Invisible subsidies: women’s undervalued contribution to the economy

This article looks at the variety of ways in which women subsidize the rest of society, summarizing economic theory and presenting some supporting evidence, and exploring the theme for Sri Lanka by looking at women’s invisible subsidy to one sector in Sri Lanka’s economy, namely the education sector.

The idea that women subsidize men by their unpaid work has been around for a long time. Women’s unpaid work includes such work as growing crops in a home garden, helping out at the family “boutique” or kade, or similar unpaid work in a family enterprise. But, what about the housework and child-rearing that women typically do? This work, too has been long recognized by social scientists as unpaid work. The following example from Achieving Broad-Based Sustainable: Governance, Environment and Growth with Equity by economists Jim Weaver and Mike Rock and sociologist Ken Kusterer, (Kumarian Press, West Hartford, CT,1997, p. 196-7), illustrates the point very nicely. They take the example of an ordinary egg, laid by a hen, it “takes the work of many people to get the egg from the hen to its consumer.” So, where, they ask, does the production process end and consumption begin? Did production stop when it was bought in the shop? But someone must take it home. Is transporting it from shop to home very different from transporting it in the earlier stages of its journey? At home, someone must unpack it.
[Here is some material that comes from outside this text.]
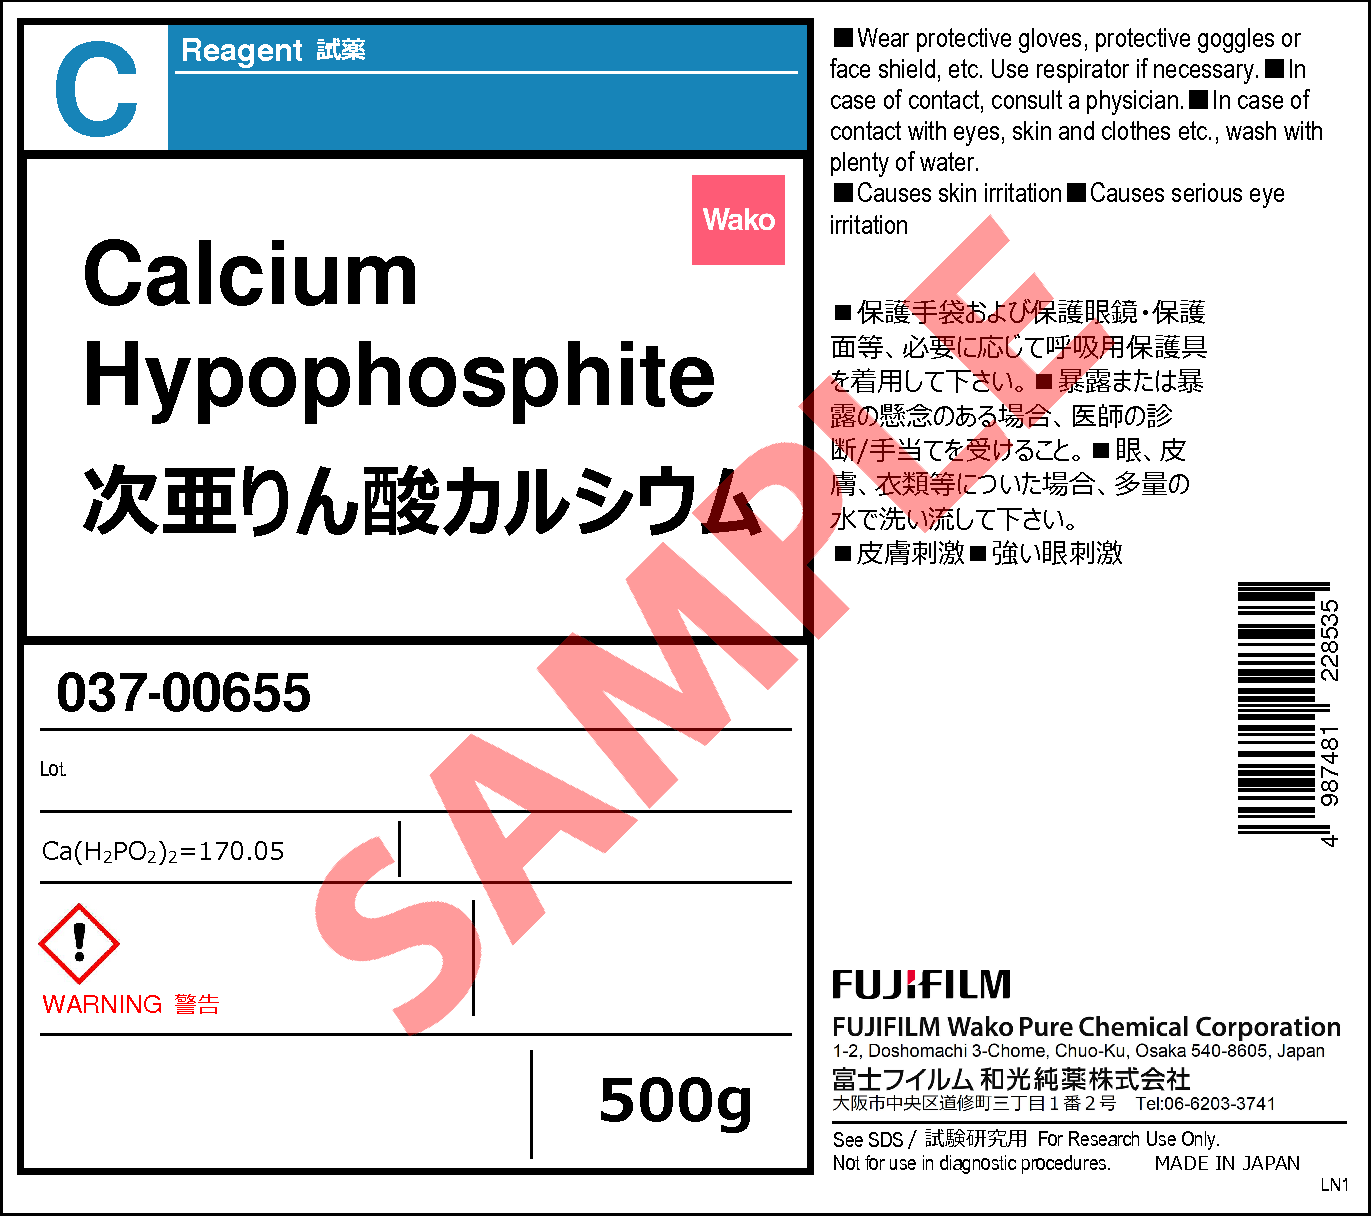 7789-79-9・次亜りん酸カルシウム・Calcium Hypophosphite・033-00652

Is this work? “It was, when the egg was put into storage two or three times before, so it must be work now”, say Weaver, Rock and Kusterer. “Later, someone takes the egg out of kitchen storage and makes herself an omelet. Is that production or consumption? What if a woman who doesn’t even like omelets makes it for her husband? In both cases, it’s still processing, still adding value, still production. Once finally readied to eat, the food must be served…Even when the food is set on plates in front of their faces, some members of the household, infants and the infirm, need more work from someone before they can consume it.” University of Amherst Professor of Economics and New York Times columnist Nancy Folbre puts it more succinctly:

“Marry your butler (or your research assistant) and share your income equally instead of paying him by the hour. The size of G.D.P. will shrink. Divorce him, and G.D.P. is likely to expand.” (New York Times, May 28, 2012). Gender Discrimination, Occupational Segregation and invisible subsidies

However, this is not the only way in which women subsidize the rest of society. They do so when they are paid less than they ought to be. Empirical studies in economics that examine wage gaps for evidence of discrimination are based on the idea that people with similar job-relevant characteristics (schooling, experience, training) will receive similar wages in the absence of discrimination.
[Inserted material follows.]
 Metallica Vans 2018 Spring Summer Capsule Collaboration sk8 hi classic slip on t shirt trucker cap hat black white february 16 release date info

If the wages of one group (e.g. women, blacks) is systematically lower than the wages of another group (e.g. men, whites) who are otherwise identical in terms of things that matter to wage determination, this group is considered underpaid, and the precise amount by which they are underpaid can be calculated using econometric methods.

A more subtle way in which women (and other groups) are underpaid is through occupational segregation. This term is used by economists to refer to a situation where the representation of certain groups (e.g. women, minorities) is disproportionately high in a particular occupation.

Usually there is no discrimination between groups (e.g. women and men) within the occupation, rather, wages for all in that occupation are low if there are relatively more women than men in it. The classic textbook examples are of teaching and nursing, where low wages co-exist with a high proportion of women in these occupations.

Invisible subsidies in the education sector in Sri Lanka

In a carefully researched and analytically tight article (The Island, August 2, 2012), Prof. Carmen Wickramagamage argues that women in Sri Lanka have benefited immensely from state investments in education. Prof. Wickramagamage points out (supported by research highlighted in this column, July 12, 2012) that along with the gains in female life expectancy, free education provided the impetus to families to educate their female children. As a result, women outnumber men in almost all levels and spheres of education (with some notable exceptions).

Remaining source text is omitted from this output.